– Ладно, ну, и чего тебе надо-то? – проговорила она, вроде бы не демонстрируя желания вскакивать. Хороший знак.
– Ну, а тебе… чего надо? – огрызнулась я. Как-то у меня не очень с ответными репликами.
Она чуть наклонила голову и посмотрела на меня. В выражении ее лица не было угрозы, оно было… усталым.
– Хочешь услышать? Ладно. Вот что. Я буду говорить прямо, учти. Ты – причина, по которой мой двухлетний сын больше никогда не увидит своего папочку. Ты взяла и, сука, настучала на папочку моего малыша, и теперь он смылся – бог знает куда, но куда-то смылся. Потому что гребаная полиция его ищет – из-за тебя.
Она перевела взгляд на свои ноги, тряхнула головой, потом снова посмотрела на меня. В ее глазах стояли слезы. Она старалась не дрожать подбородком и отвернулась, пытаясь скрыть влажные дорожки, протянувшиеся по щекам.
Проклятье!
Мои мышцы немного расслабились, на душе стало тяжело. Хотя, строго говоря, я не заставляла этого чувака покупать оружие, отчасти ответственность за тот факт, что бедный малыш не будет знать своего отца, лежит на мне. Потому что, когда полиция наконец отловит Лазаруса, его упрячут в тюрьму очень и очень надолго.
Я подумала об этом маленьком мальчике, и ком подкатил к горлу.
Поступки, которые я совершала, когда сидела на наркоте, влияли не только на меня, моих жертв или родственников; они сказались на целой семье, о чьем существовании я и не подозревала.
– А знаешь, что самое ужасное? – продолжила она, глядя мимо меня, в стену.
Она повернулась ко мне лицом, икая и давя рыдания:
– Я на пятом месяце беременности, и его не будет рядом, чтобы заботиться о дочери.

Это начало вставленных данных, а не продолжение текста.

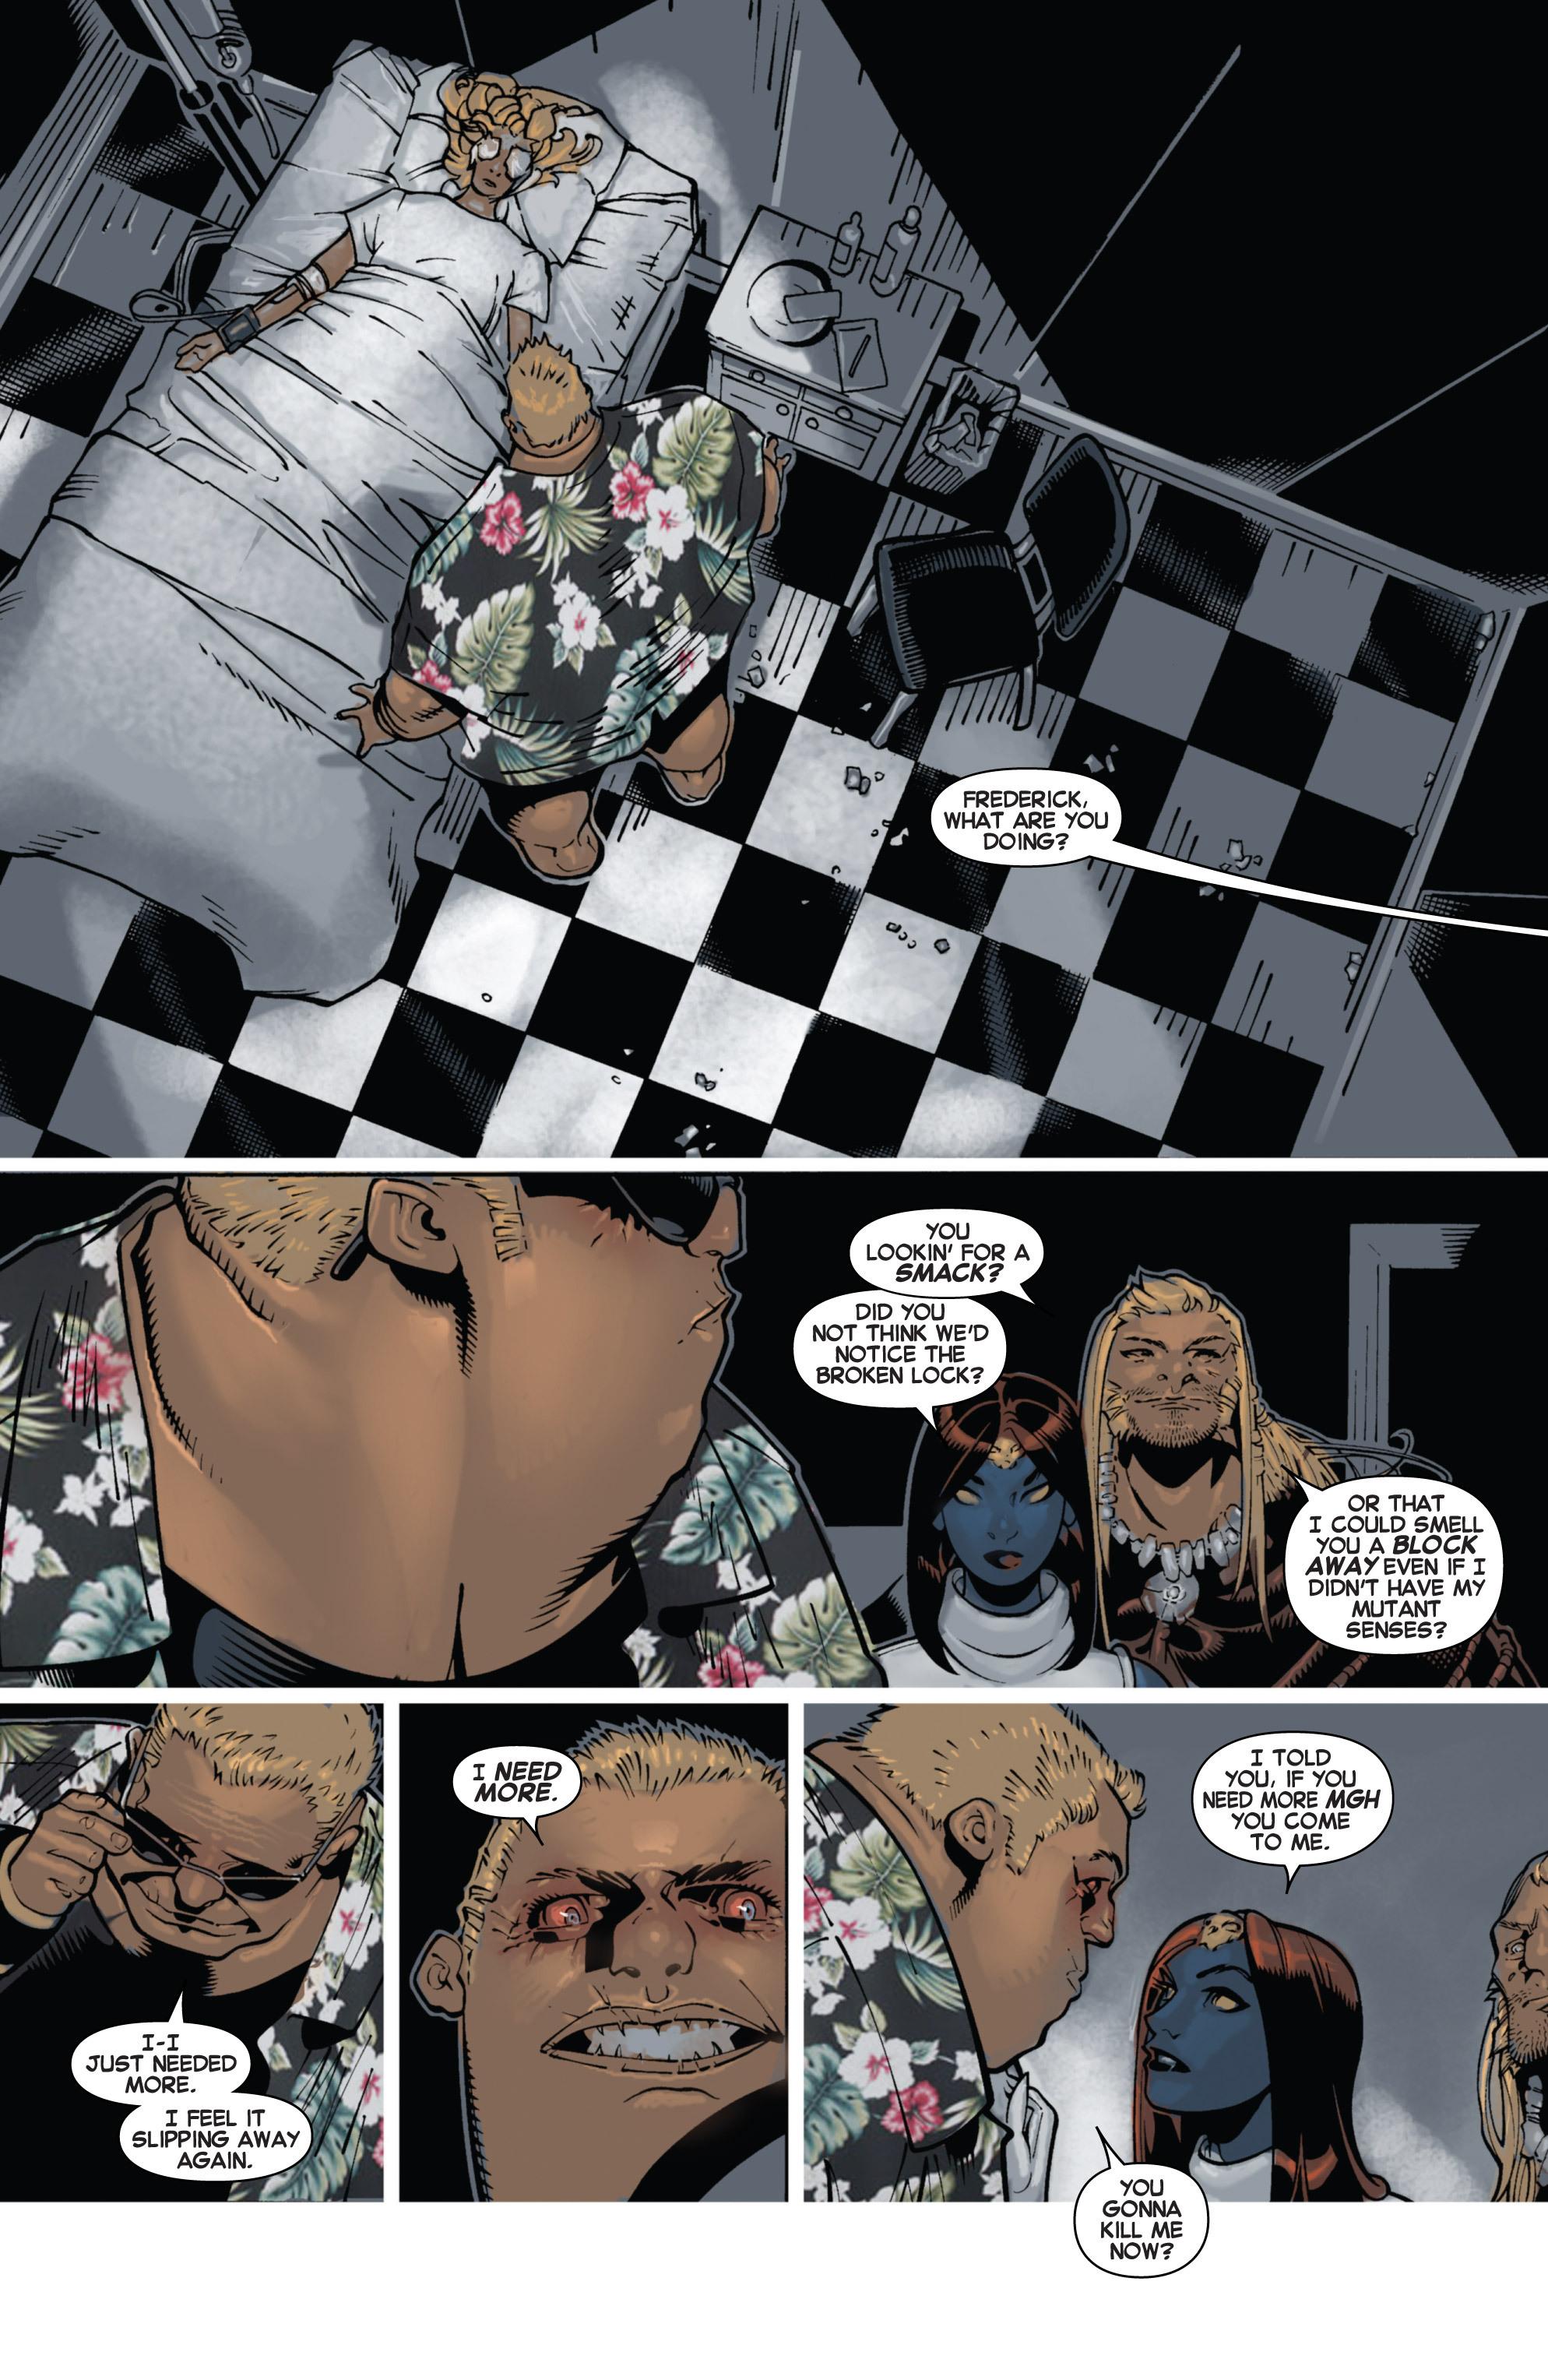 Read online Uncanny X-Men (2013) comic -  Issue # _TPB 4 - vs. S.H.I.E.L.D - 30

Он не будет присутствовать при родах, не будет покупать подгузники, не будет помогать. Мне придется заниматься всем этим дерьмом одной. Из-за тебя. Так что – да, ты мне не нравишься. На самом деле я ненавижу твою гребаную задницу, но драться с тобой не буду. У меня есть проблемы и посерьезнее. А теперь, если ты не против, я хотела бы, бля, наконец поспать.
Я смотрела на нее в потрясенном молчании. Она снова легла и повернулась лицом к стене.

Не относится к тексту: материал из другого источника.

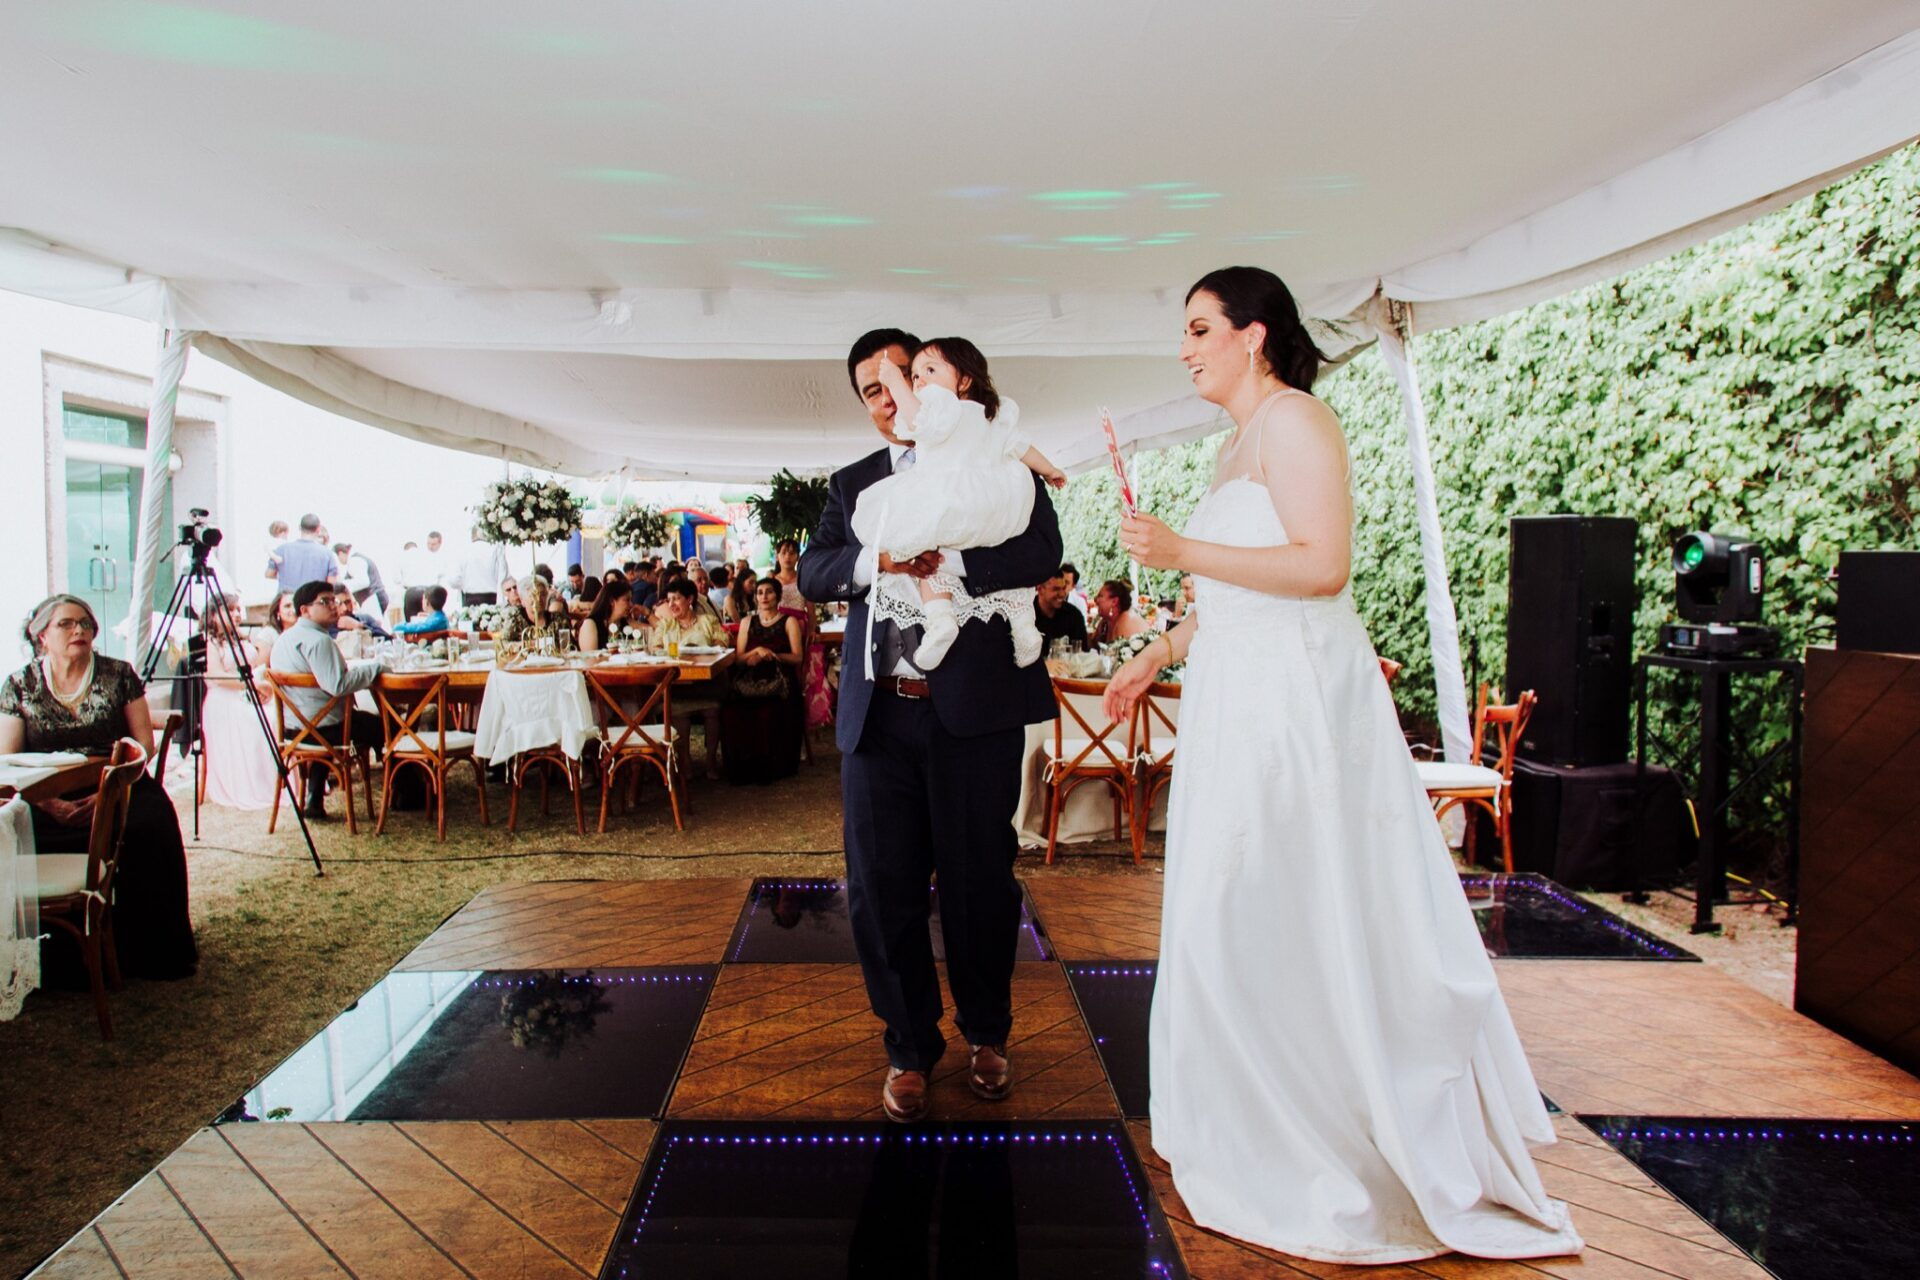 javier_noriega_fotografo_bodas_centro_platero_zacatecas_wedding_photographer36

Моей первой мыслью было «слава богу, что я била ее только подушкой».
А второй – «ну вот, теперь я чувствую себя редкостной мерзавкой».

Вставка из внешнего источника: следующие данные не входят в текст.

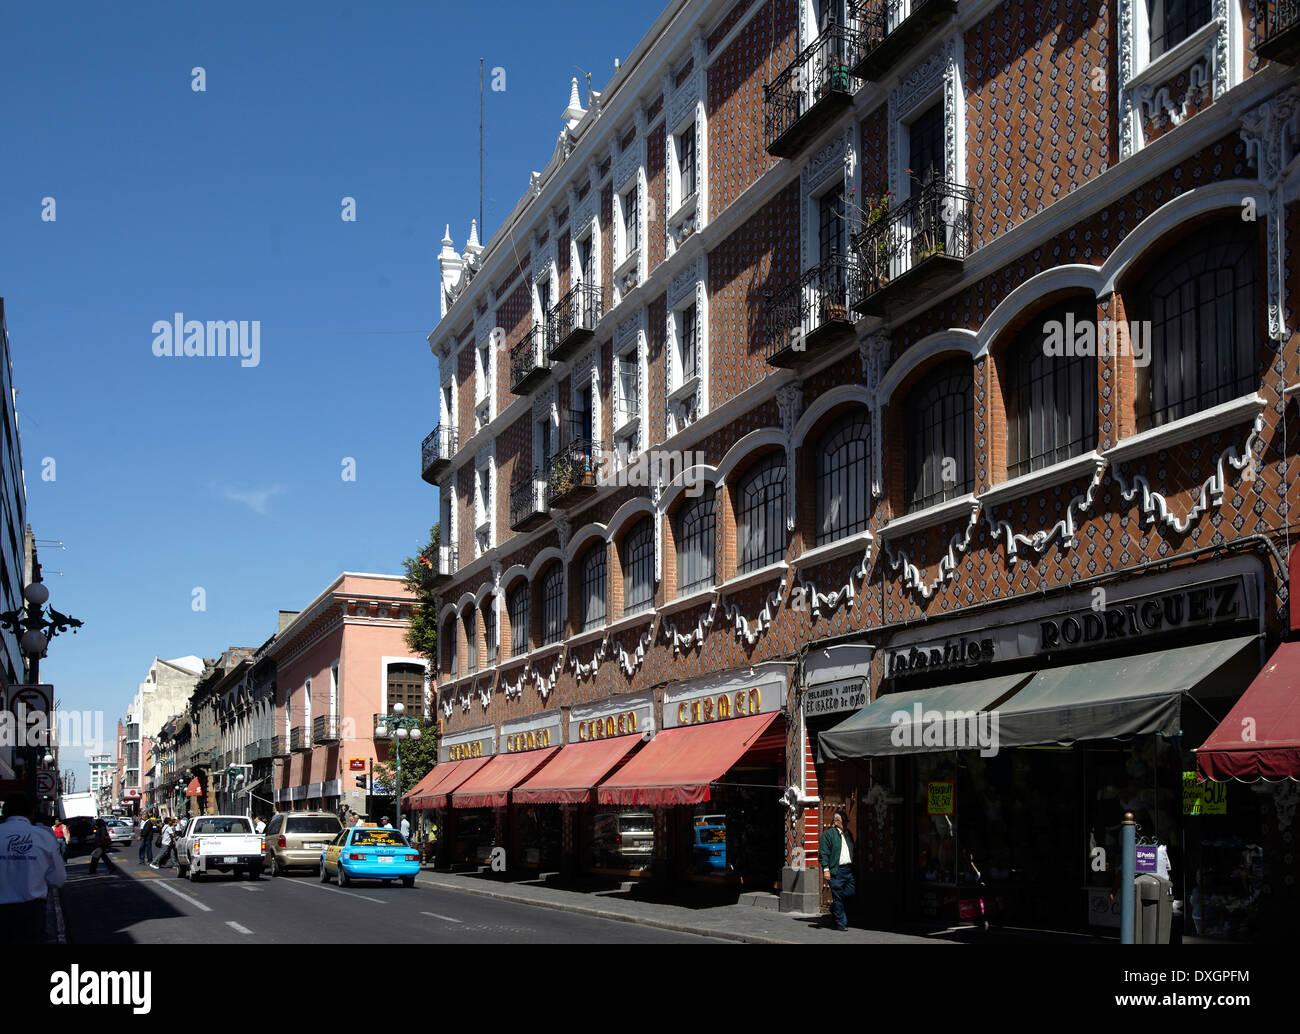 America, Mexico, Puebla state, Puebla city, Historical center, - Stock Image

Поступки, которые я совершала, когда сидела на наркоте, влияли не только на меня, моих жертв или родственников; они сказались на целой семье, о чьем существовании я и не подозревала. Последствия моих действий гнали волны во все стороны, точно камень, брошенный в пруд.
Я какое-то время смотрела на очертания тела Дэниелс. Чувство вины было оглушительным. Эта женщина была матерью-одиночкой, да еще и зависимой притом. Я не могла себе представить, каково это – оставить дома ребенка, отбывая тюремный срок. Еще труднее было вообразить, как тяжко жить в этом аду – в тюрьме – с ребенком внутри.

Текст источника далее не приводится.